BEGIN Collected data
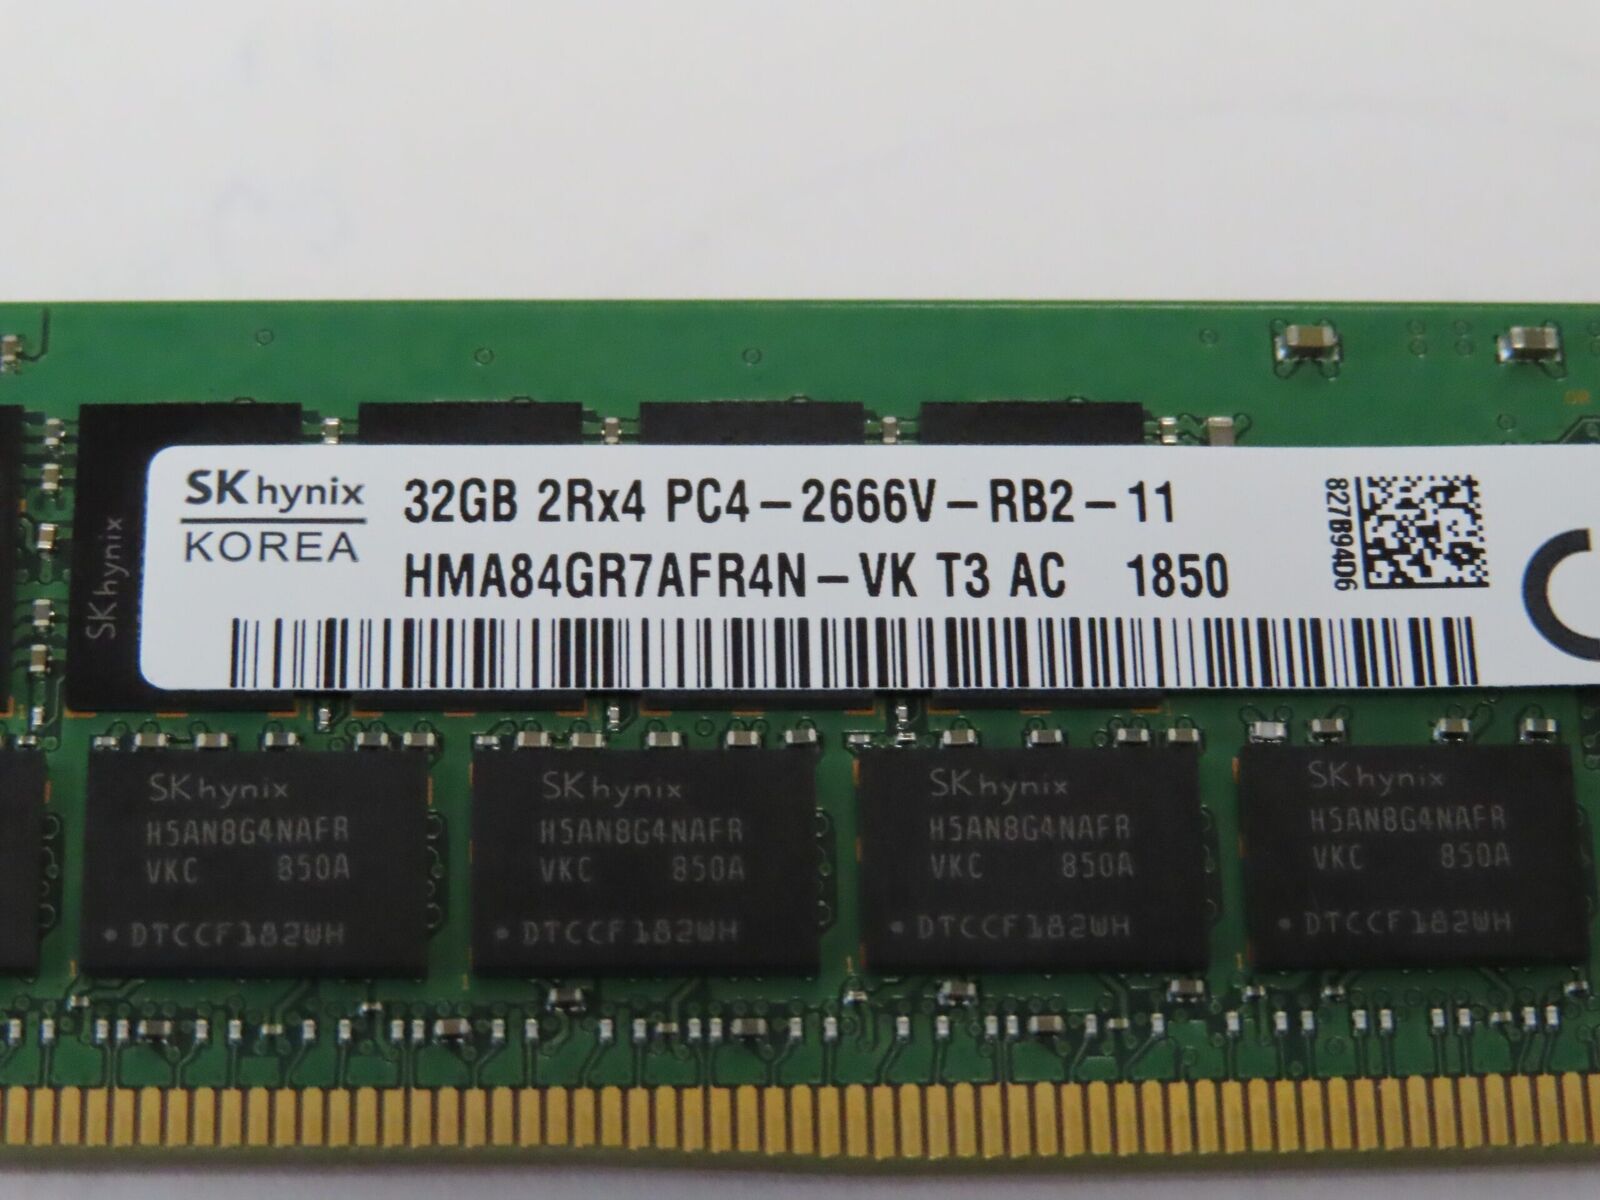 768GB = 24x 32GB 2Rx4 2666V Dell Poweredge R630 R640 R730 R740 ECC Server Memory
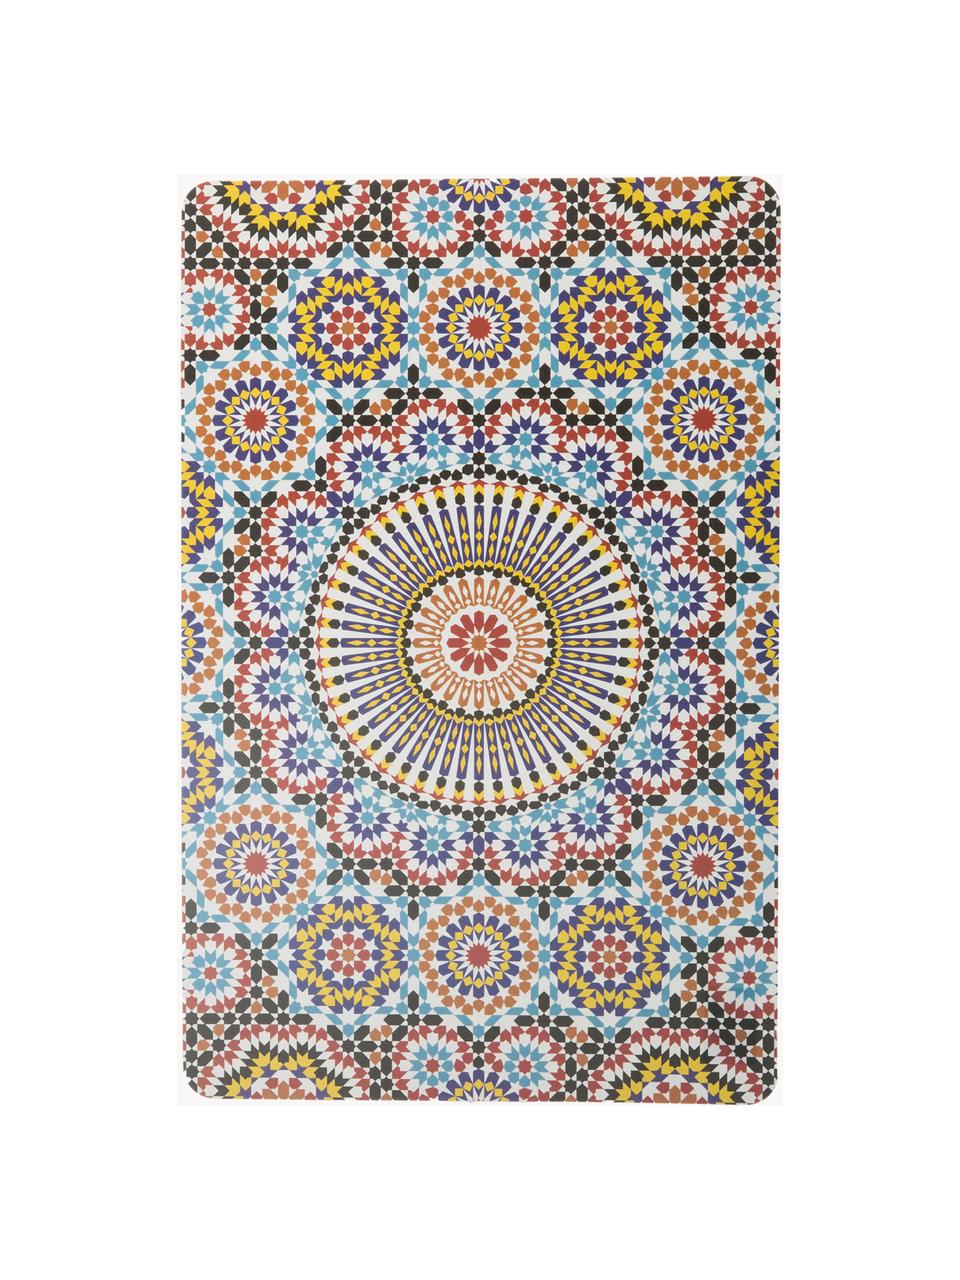 Beidseitig bedruckte Tischsets Marrakesch Doubleface, 6er-Set, Kunststoff, Bunt, B 30 x L 45 cm
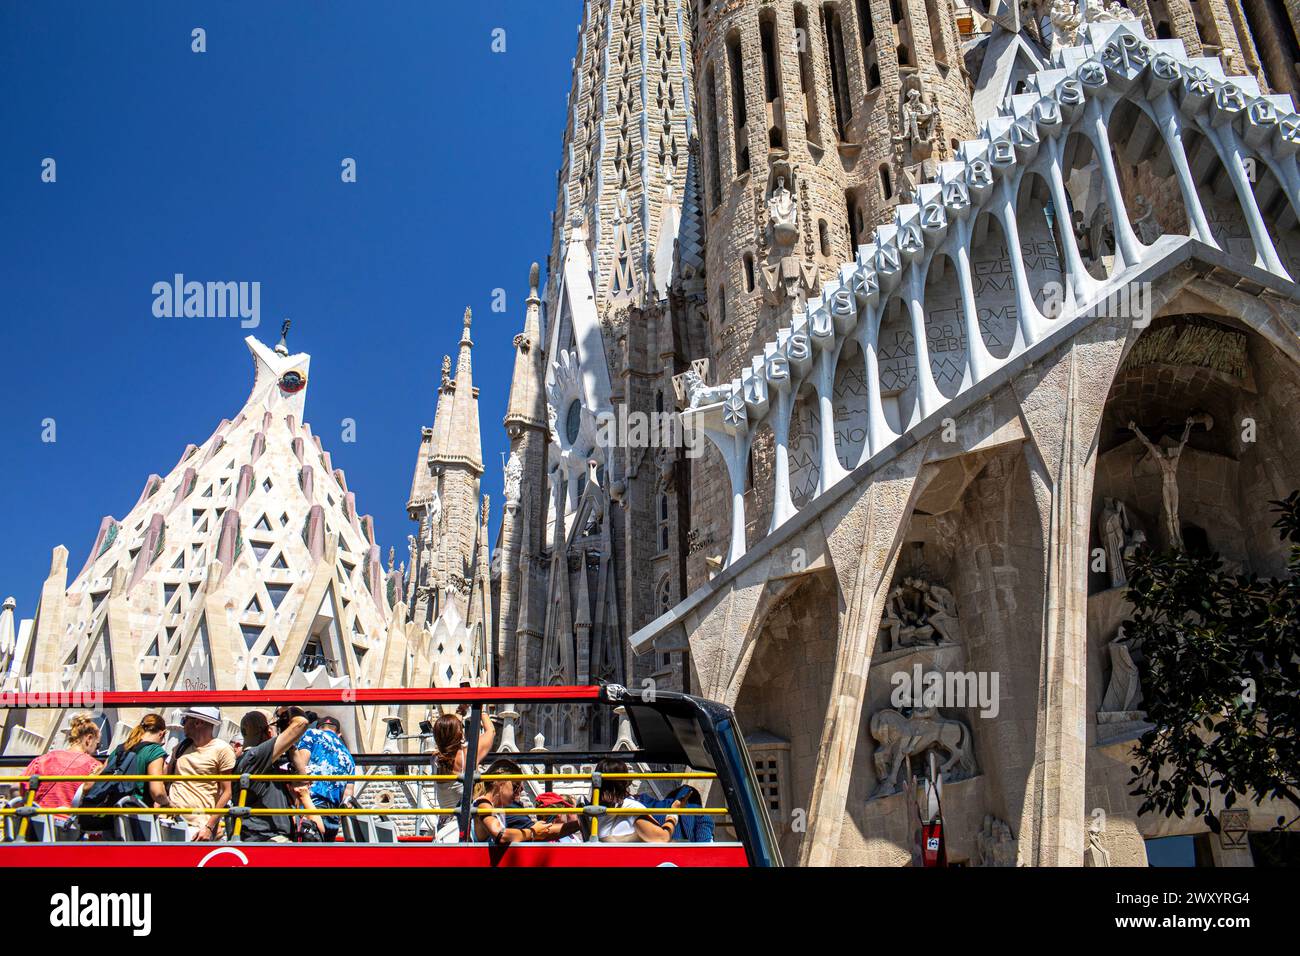 Spanien, Barcelona: Außenansicht der Sagrada Familia, entworfen vom Architekten Gaudí, ein UNESCO-Weltkulturerbe. Bus mit Touristen vor dem Stockfoto
END Collected data
**Exercise objective**: Nothing but the lines from the beginning of the material through the line with "Beidseitig bedruckte Tischsets" should appear, printed exactly, with no pictures among them.

**Expected answer**:
 768GB = 24x 32GB 2Rx4 2666V Dell Poweredge R630 R640 R730 R740 ECC Server Memory
 Beidseitig bedruckte Tischsets Marrakesch Doubleface, 6er-Set, Kunststoff, Bunt, B 30 x L 45 cm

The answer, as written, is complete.